*Problem to solve*: Wherever a picture appears in the listing, leave it out, and copy the rest exactly.

*Stored data*:
++++++++++++++++++++
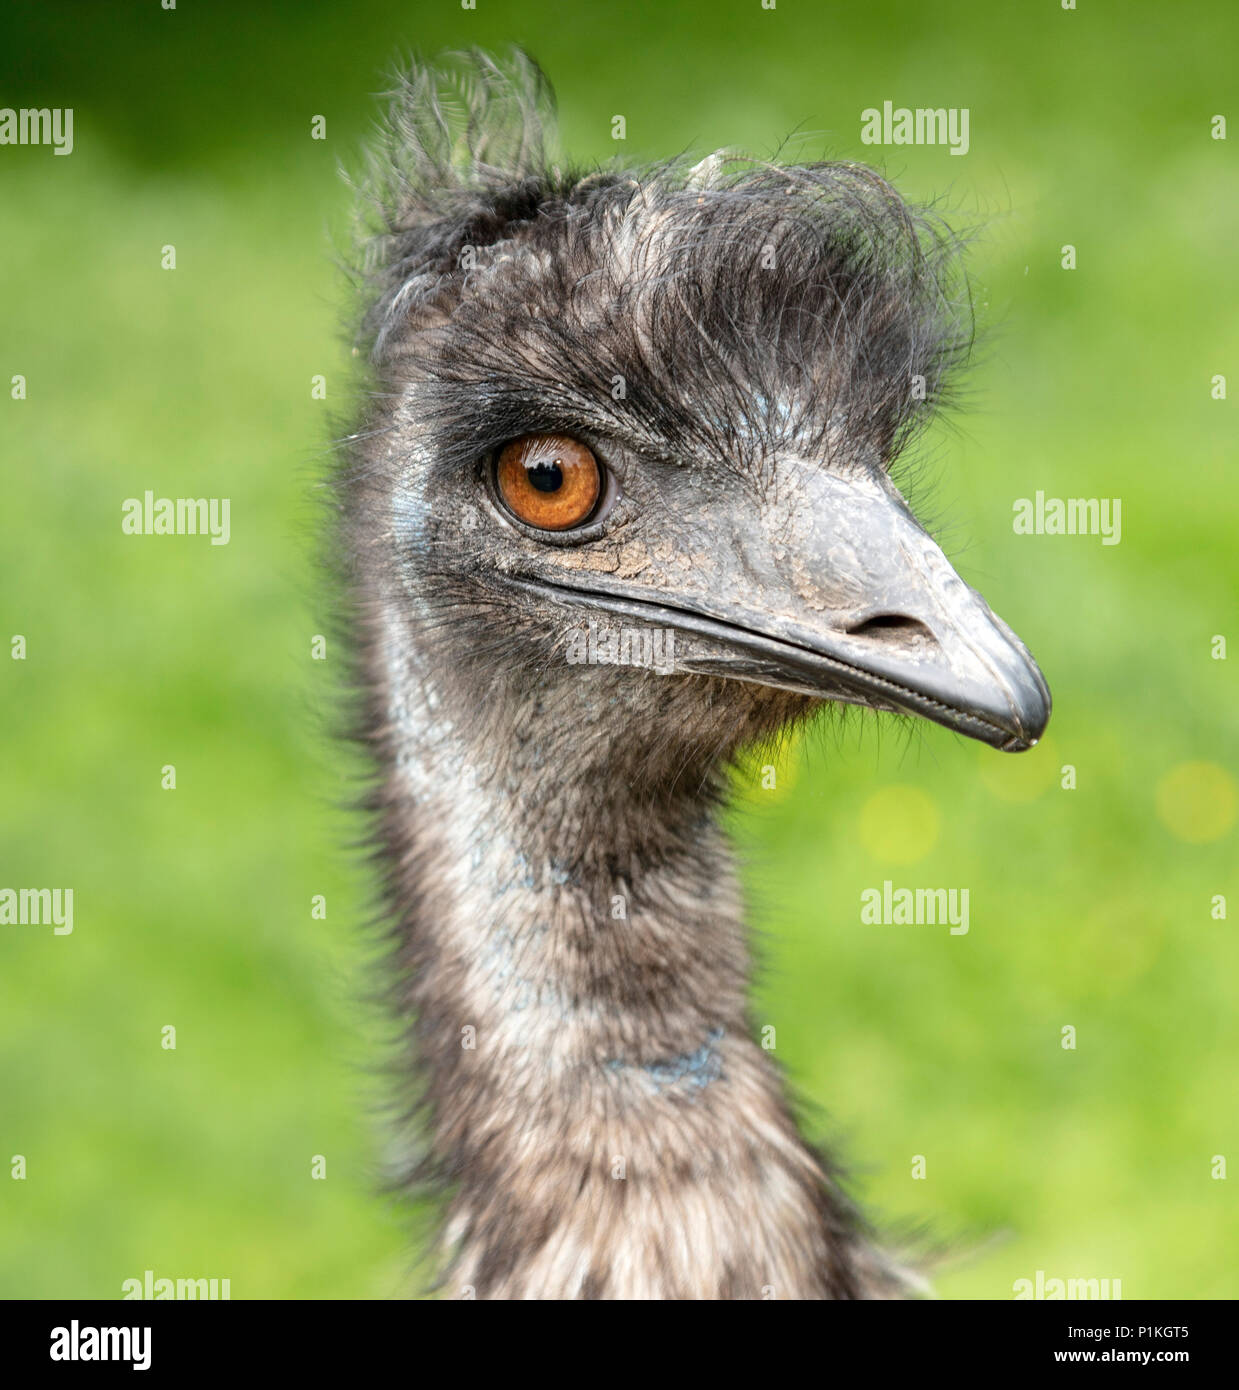 Amusing Picture Of An Emu Head Looking At Camera Stock Photo Alamy
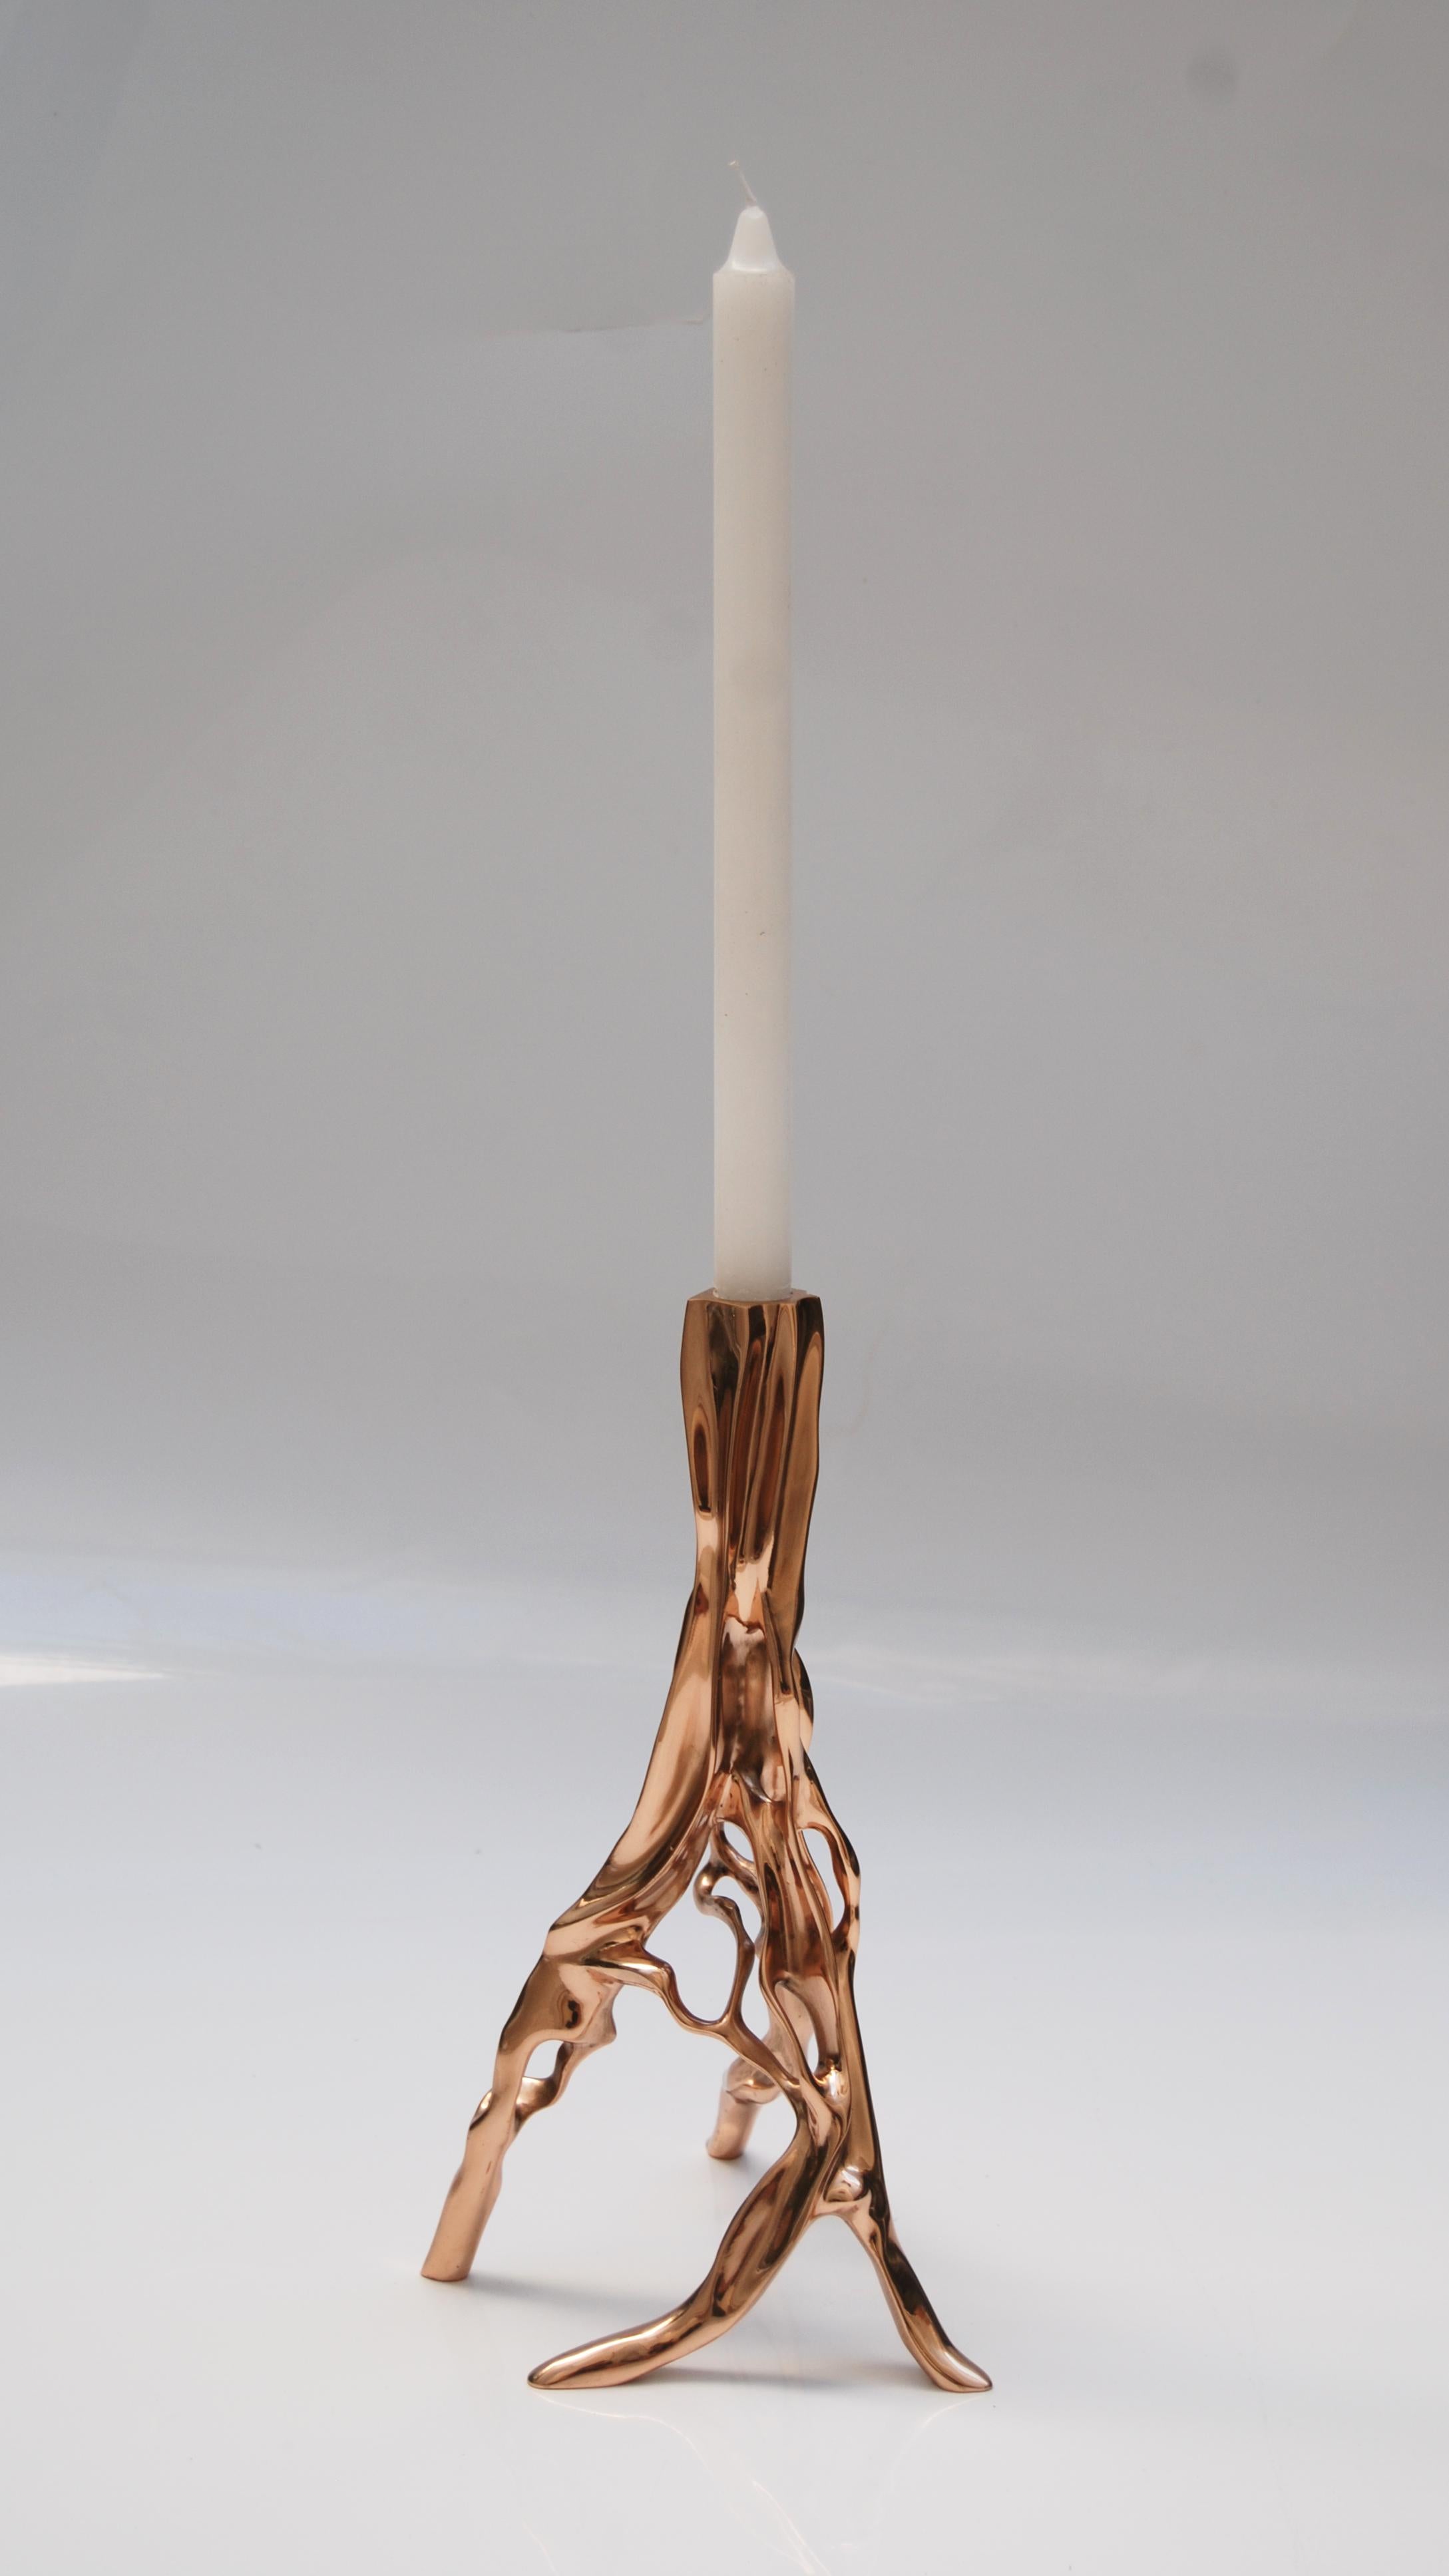 Candlestick in Polished Bronze by FAKASAKA Design
Dimensions: W 20 x D 19 x H 30.5 cm
Materials: Polished bronze.
 
++++++++++++++++++++
*Response*:
 Amusing Picture Of An Emu Head Looking At Camera Stock Photo Alamy
 Candlestick in Polished Bronze by FAKASAKA Design
Dimensions: W 20 x D 19 x H 30.5 cm
Materials: Polished bronze.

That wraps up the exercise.